Ingram declined Friday to describe the property or its value.
Attached to Bucheit's motion is an affidavit from Ingram, in which the lawyer says he and Bucheit have discussed the pending criminal case several times in the past month or so.
No objection
Ingram has also spoken to Craig S. Morford, an assistant U.S. attorney, to discuss the motion that asks for the Sept. 27 deadline, and Morford had no objection, the affidavit states. Ingram said he also drafted the motion Bucheit filed.
Ingram said in his affidavit that he contacted an Ohio lawyer licensed in Florida to do a title search and prepare the necessary paperwork, his affidavit states.
Bucheit, who once owned Bucheit International in Boardman, has been charged with conspiracy to violate the federal bribery statute, giving an unlawful gratuity to a public official and perjury before a federal grand jury.
The grand jury indicted Bucheit in January. He was provided with a public defender at arraignment, with the understanding that, once some of his property in Florida sold, he would hire his own lawyer.
Bucheit explained to Judge Wells at a hearing last month that the property hadn't yet sold. His trial is set for Dec. 2.

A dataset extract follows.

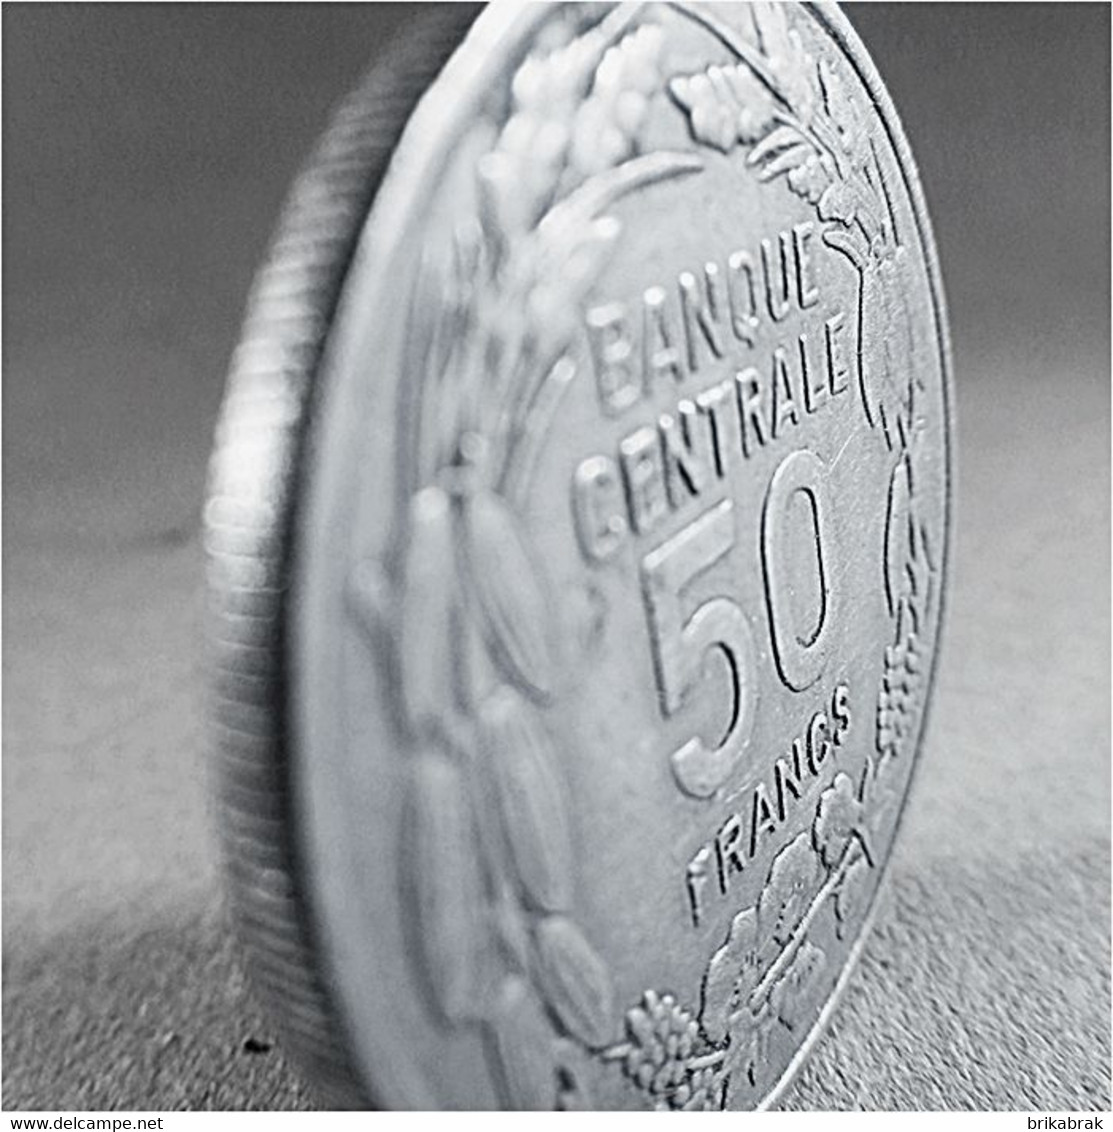 PIECE 50 FRANCS CAMEROUN 1960 - Monnaie Afrique Bazor - Kamerun

Bucheit is accused of doing roughly $30,000 worth of contracting work at Traficant's horse farm in Greenford in the early 1990s and not requiring payment.
Included was a deck replacement, electrical work, elaborate railings and lattice work, a gazebo, enclosure of an addition, siding, windows, drywall and finishing work.
Traficant's intercession
In return, the government said, Traficant engaged in numerous official acts to help Bucheit obtain some or all of the $11.6 million owed his company by a Saudi Arabian prince for construction work in the Gaza Strip.
In April, a jury found Traficant guilty of 10 counts, including bribery, racketeering, obstruction of justice and tax evasion. He began serving an eight-year prison sentence in central Pennsylvania on July 30.
Traficant is running in the November general election as an independent candidate for the reconfigured 17th Congressional District.